• [WHAT TO WORK ON]:
Which lines run from the start of the material below through the line containing "MOONBAG rot –"? Retype them exactly, pictures excluded.

• [AVAILABLE DATA]:
--------------------------------
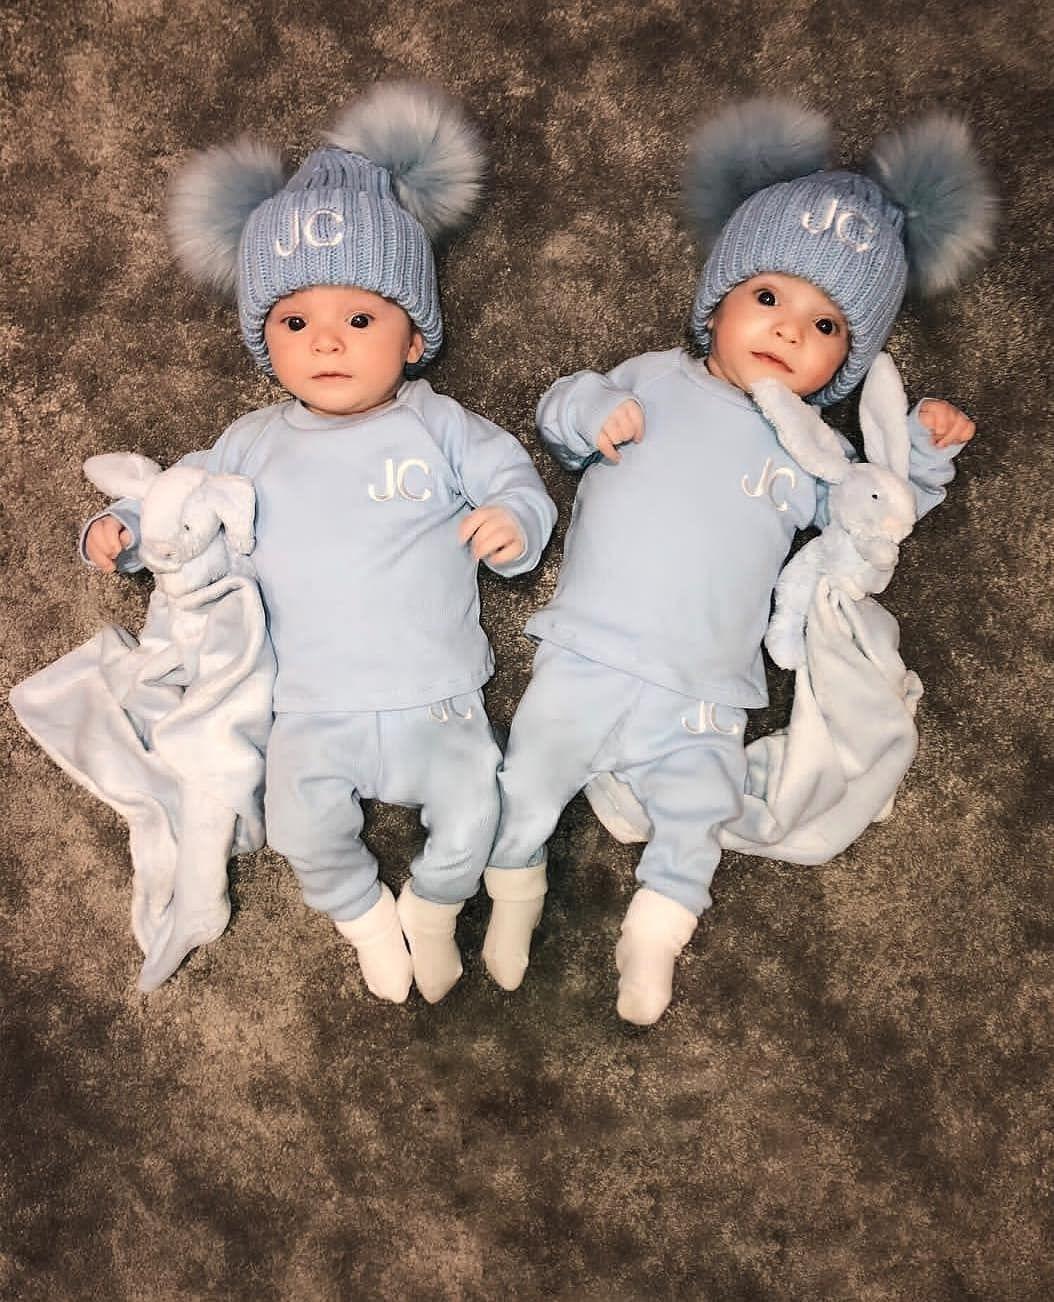 Babycute Twin Twins Baby اطفال توينز توأم مساء مساء الخير صور صوره توام تصميم تصاميم مواليد رمزيه كيوت كياته اكسبلور صبا Baby Onesies Instagram Posts Clothes
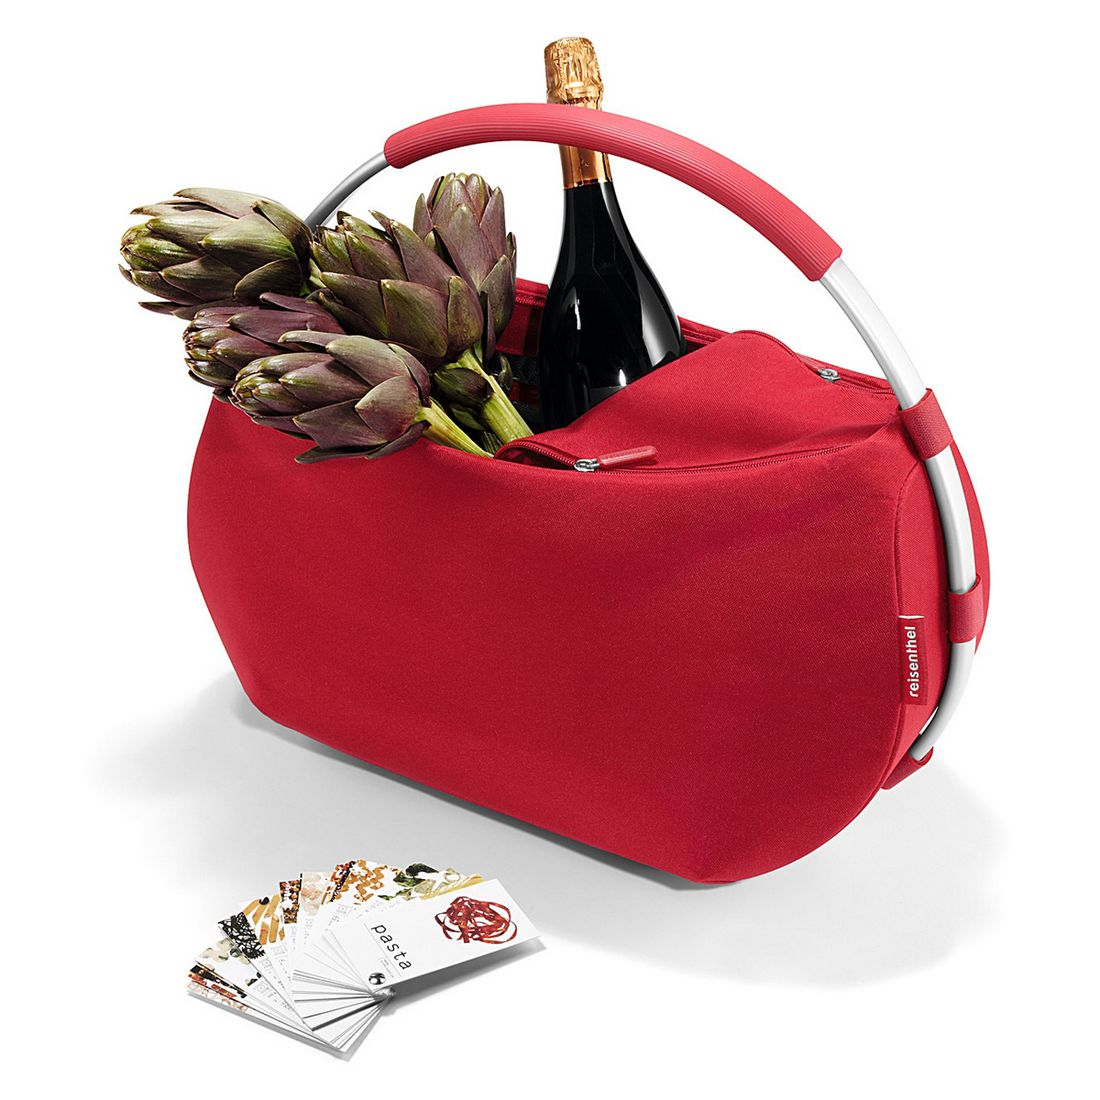 MOONBAG rot – reißfestes Polyestergewebe, Aluminium rot, Reisenthel Accessoires günstig bestellen
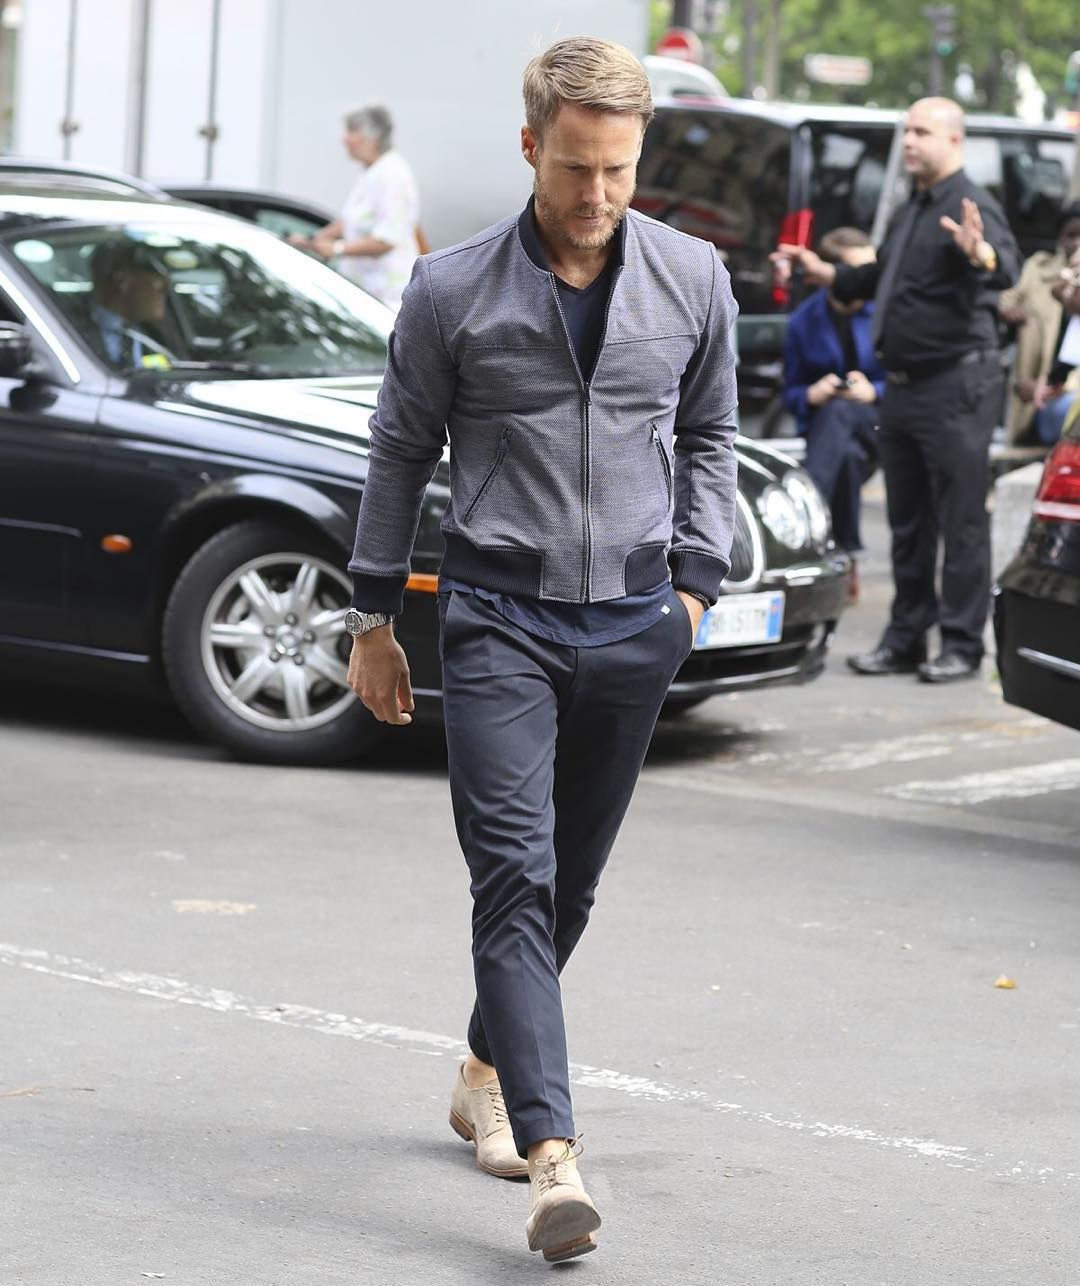 """Los colores grises (en todas sus tonalidades) puedes combinarlas con prendas o zapatos beige o nude.  #ModaparaHombres #Style #LifeStyle #FashionMen…"""
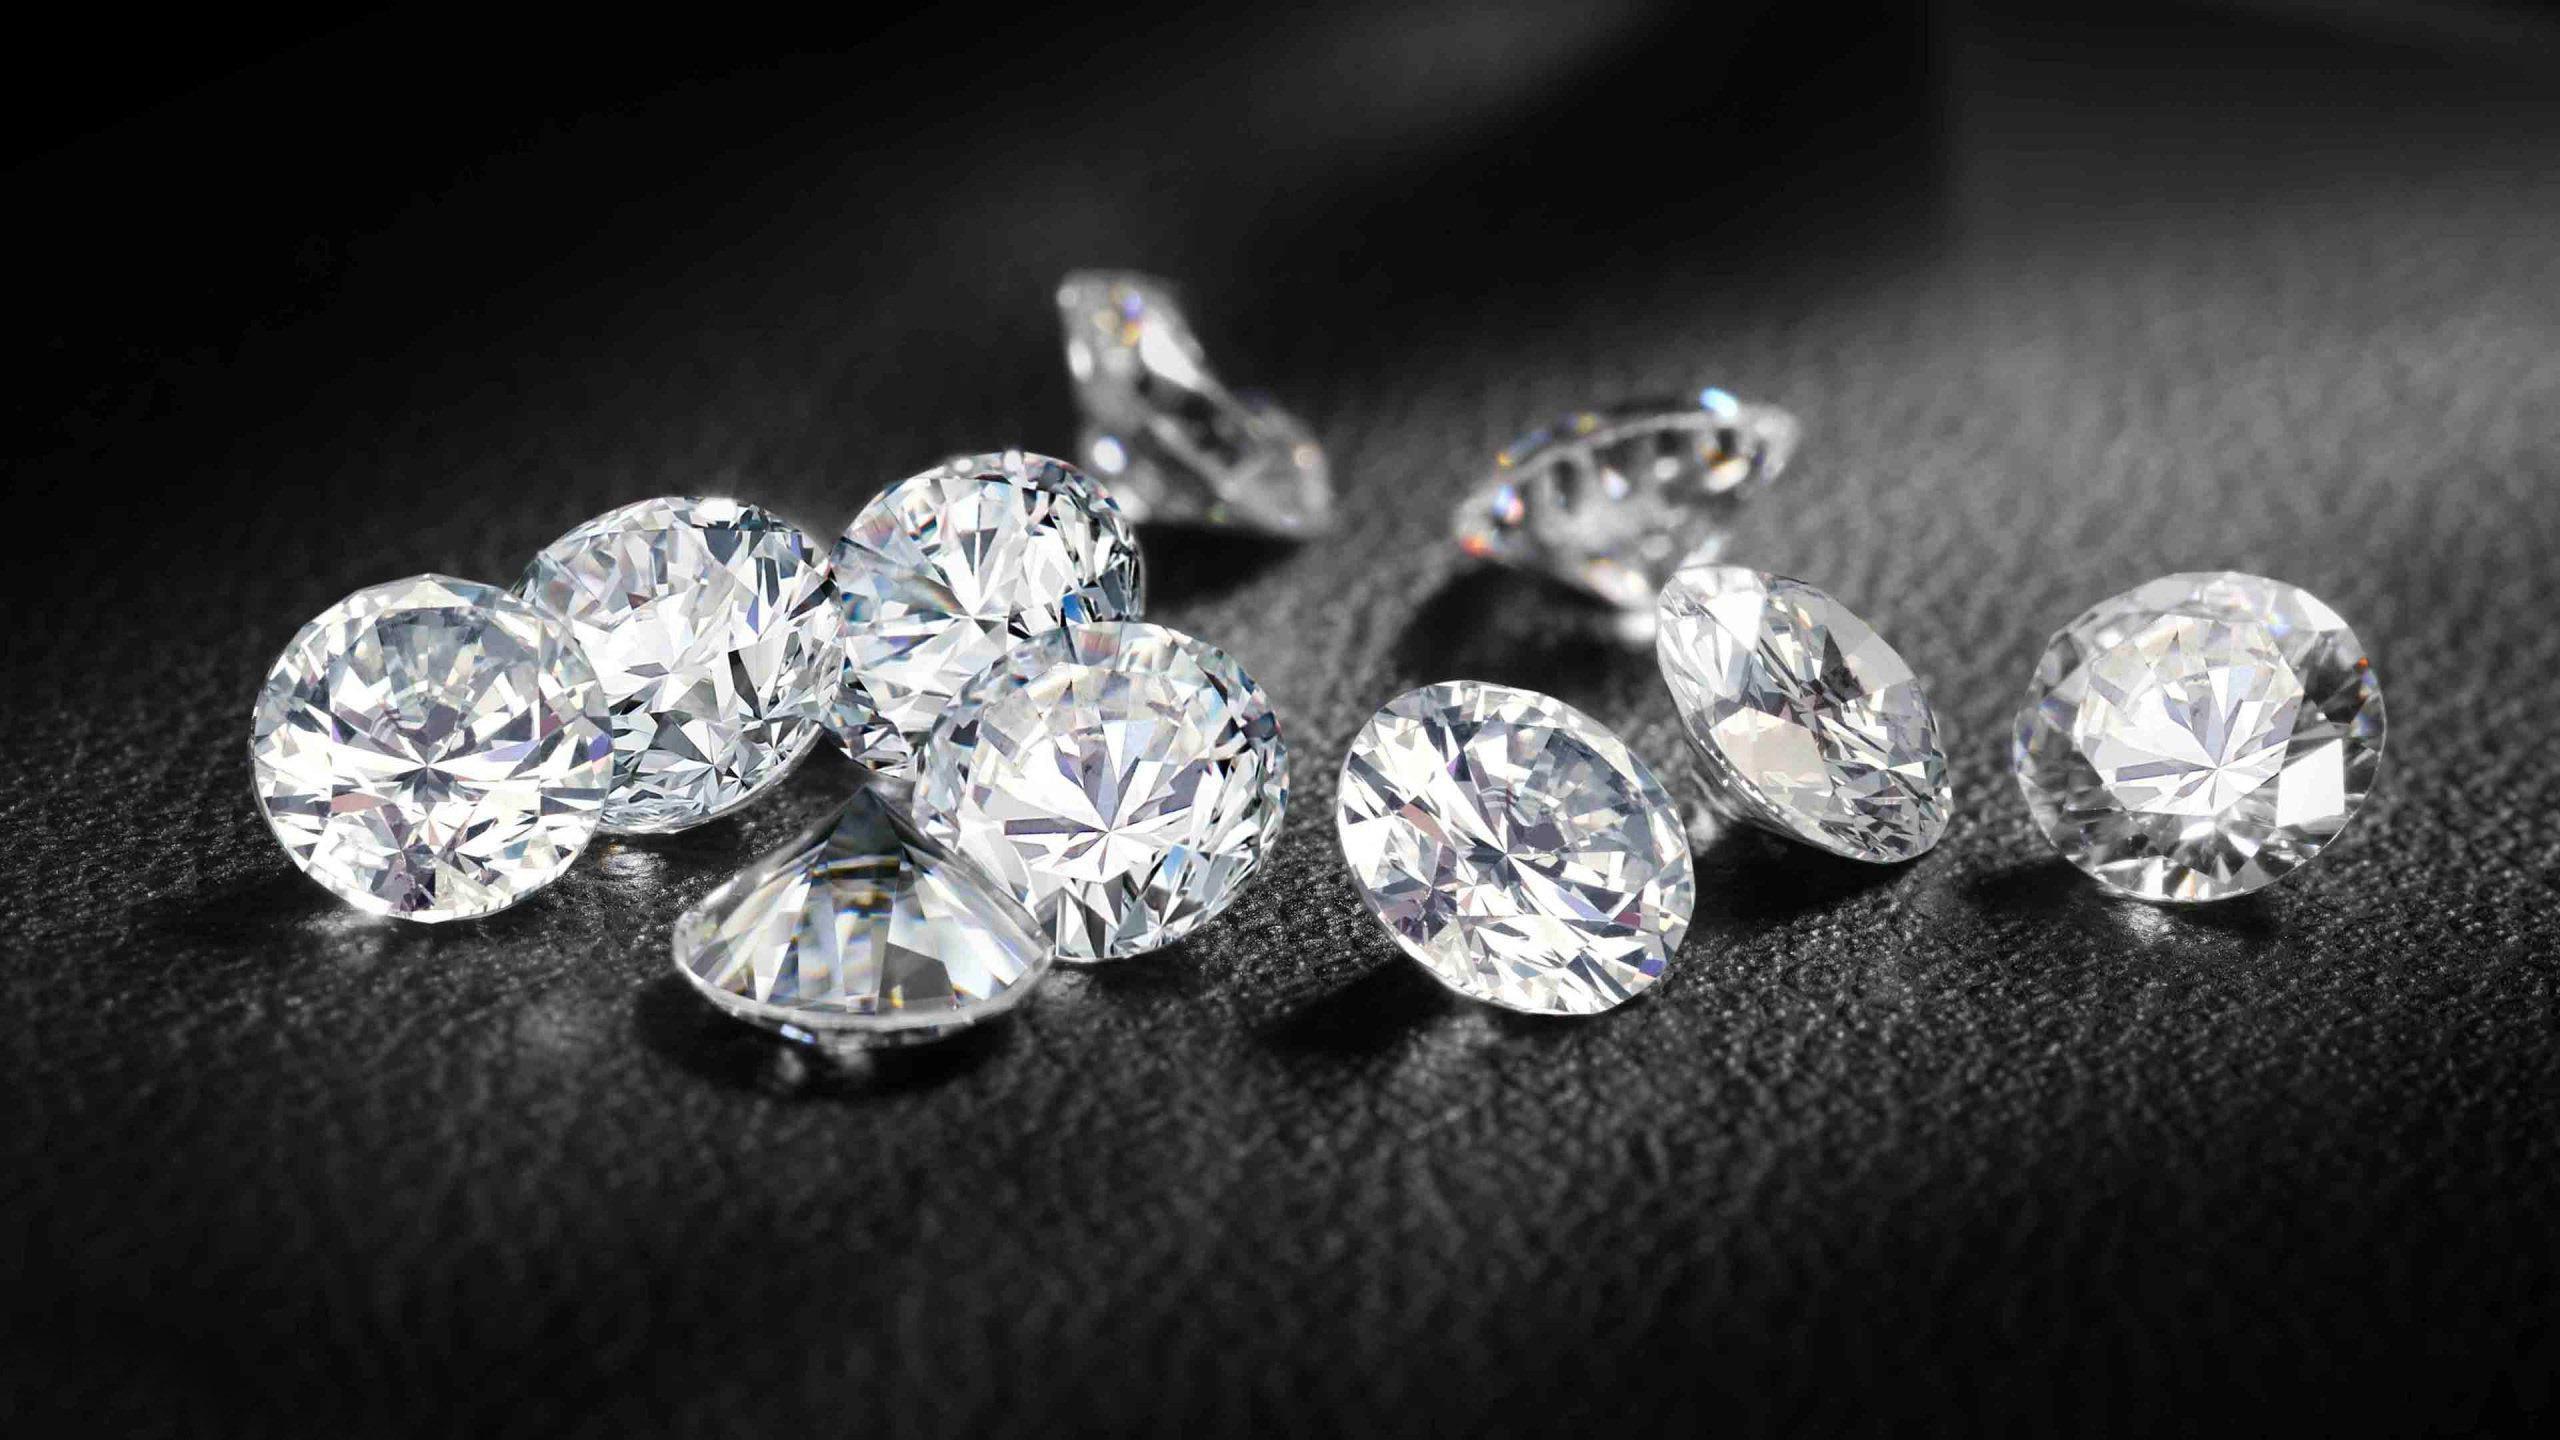 Diamonds Wallpaper 6086 2560x1440
--------------------------------
• [TASK OUTPUT]:
 Babycute Twin Twins Baby اطفال توينز توأم مساء مساء الخير صور صوره توام تصميم تصاميم مواليد رمزيه كيوت كياته اكسبلور صبا Baby Onesies Instagram Posts Clothes
 MOONBAG rot – reißfestes Polyestergewebe, Aluminium rot, Reisenthel Accessoires günstig bestellen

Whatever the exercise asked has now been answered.